For instance, in the 2023-24 budget, it was stated that roads like Francistown-Nata would be included in the Development Management model's portfolio. An update on the current status of these projects, including the appointment of project managers and progress made would have been good. This would justify proposed allocations for their completion in the upcoming fiscal year or for further advancement.

The experts contend that significant funds have been allocated for the conclusion of various endeavours, both from a political standpoint and as evidenced by financial documentation relating to transition processes and similar matters.

In terms of specifics, they note a continuation of government priorities, particularly in infrastructure, with a notable emphasis on water and sanitation. The ministry responsible for these sectors continues to receive substantial funding, indicating a successful area of government activity, with an aim to finalise ongoing projects.

Additionally, attention is drawn to the road network, where completed projects exist alongside newly-announced ones, promising enhancements to the country's transportation infrastructure upon implementation.

Energy infrastructure also receives attention, with the government maintaining its focus on providing enabling infrastructure for private sector growth. Allocations for such projects have either remained steady or increased compared to the previous year, reflecting a commitment to bolstering implementation capacity.

Infrastructure development is deemed crucial for enhancing the lives of Batswana, with access to necessities like water being paramount. Both physical infrastructure (the "hard part") and policy frameworks (the "soft part") are essential.

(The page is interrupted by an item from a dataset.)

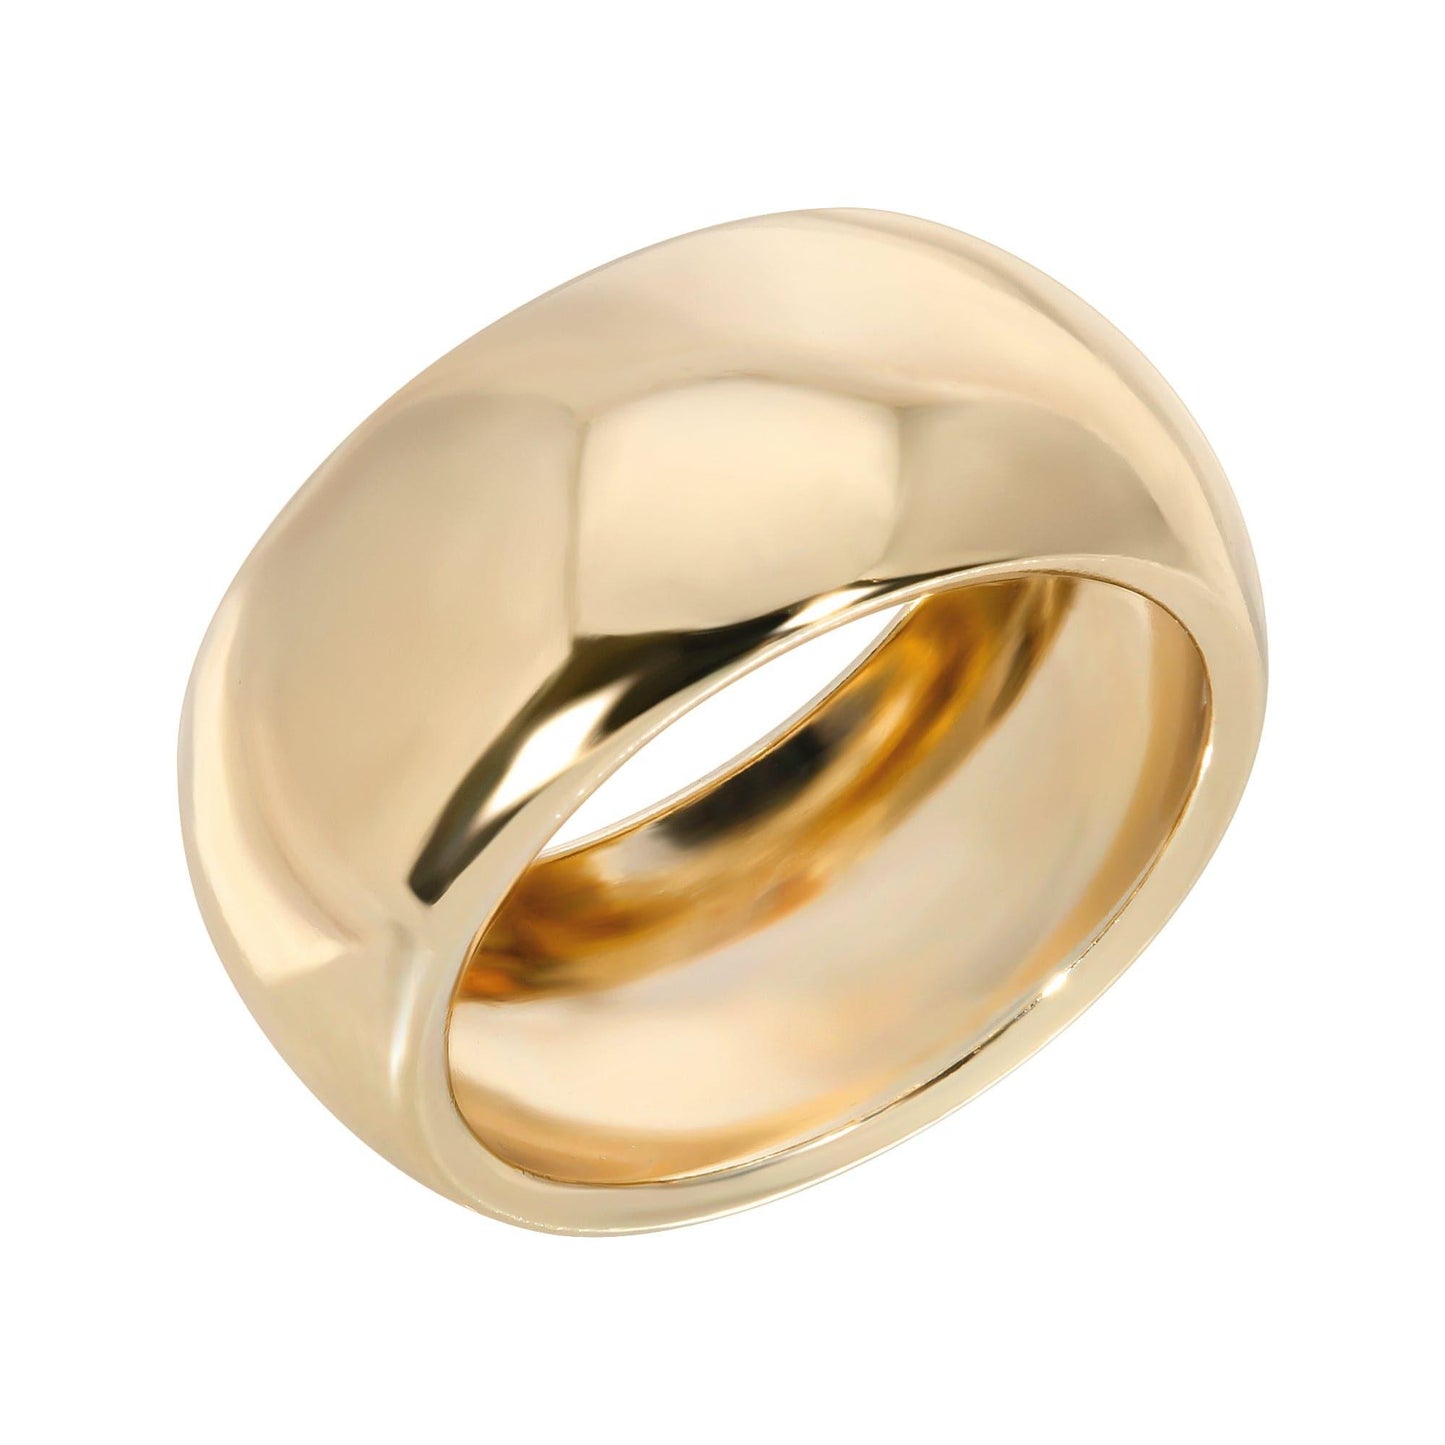 9.5MM Domed Ring - TheGivenGet

For instance, the establishment of Special Economic Zones (SEZAs) necessitates not only policy development but also robust infrastructure provision to ensure their success. Ignoring either aspect undermines the overall goal, as goods movement and economic activity rely on adequate infrastructure support.

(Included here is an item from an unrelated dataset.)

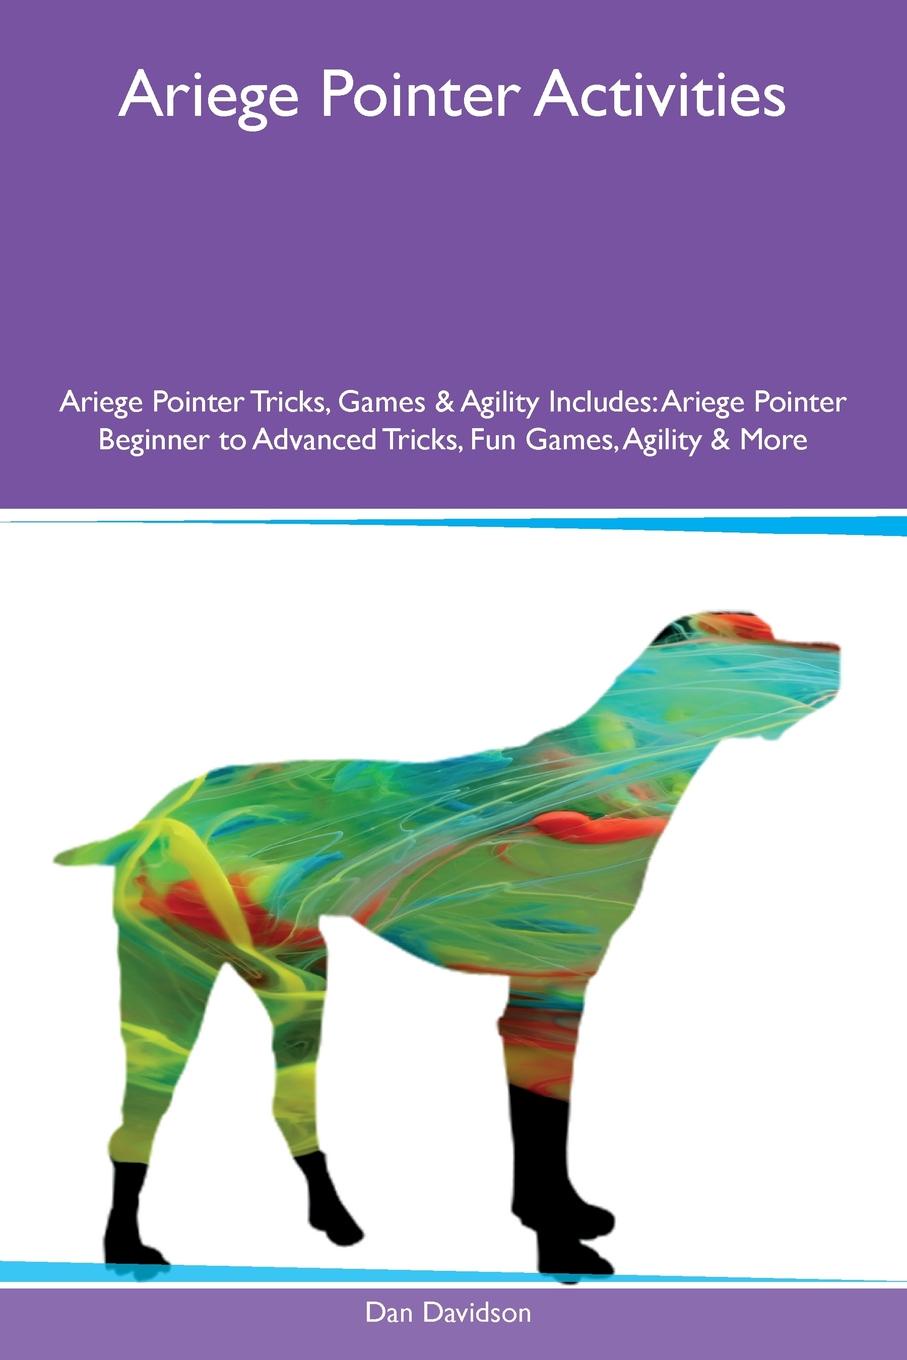 Ariege Pointer Activities Ariege Pointer Tricks, Games & Agility Includes. Ariege Pointer Beginner to Advanced Tricks, Fun Games, Agility & More

They assert that the budget stands at P102 billion against a revenue of P93 billion, projecting a deficit of approximately P8 billion, which amounts to less than three percent of the GDP. From a microeconomic perspective, it appears to be an expansionary budget, yet not reckless, as budgetary prudence is typically assessed by the deficit as a percentage of the GDP.

However, it's crucial to recognise that this projected budget deficit hinges on assumptions regarding both revenue and expenditure.

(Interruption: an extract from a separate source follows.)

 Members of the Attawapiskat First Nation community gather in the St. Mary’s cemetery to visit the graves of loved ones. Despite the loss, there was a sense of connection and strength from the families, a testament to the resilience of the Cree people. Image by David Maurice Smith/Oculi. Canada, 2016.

Regarding expenditure, without efficient implementation, a significant portion of the allocated funds, including nearly P30 billion for development and P60 billion for recurrent expenses, may not be fully utilised. While

recurrent expenditure is generally easier to spend, ensuring effective implementation remains a challenge.

On the revenue side, a breakdown reveals that 26 percent is derived from the Southern African Customs Union (SACU), a portion considered relatively stable. Another quarter comes from mineral revenues, with the remainder stemming from non-mineral sources such as taxes.

However, the 25 percent derived from mineral revenue is subject to considerable risk factors, particularly amid recent challenges in the diamond market. Towards the latter part of 2023, the country encountered difficulties in diamond sales, signalling potential revenue uncertainties.

This January witnessed an improvement in sales, yet uncertainty looms over the diamond industry's full recovery, particularly amidst threats from G7 countries seeking certification of diamonds in Antwerp after complying with their respective protocols.

On the whole, there has been a noticeable enhancement in both export and import figures. The ban on vegetable imports has evidently contributed to this improvement, as Botswana had been grappling with a trade deficit with South Africa for some time due to substantial spending on vegetable imports.

Government cash balances have decreased compared to last year, suggesting a need for vigilant monitoring, especially considering the potential impact of diamond sales on revenue inflows.

Close scrutiny of the budget parameters is imperative, with hopes that the established Management Accounts will facilitate close monitoring of developments.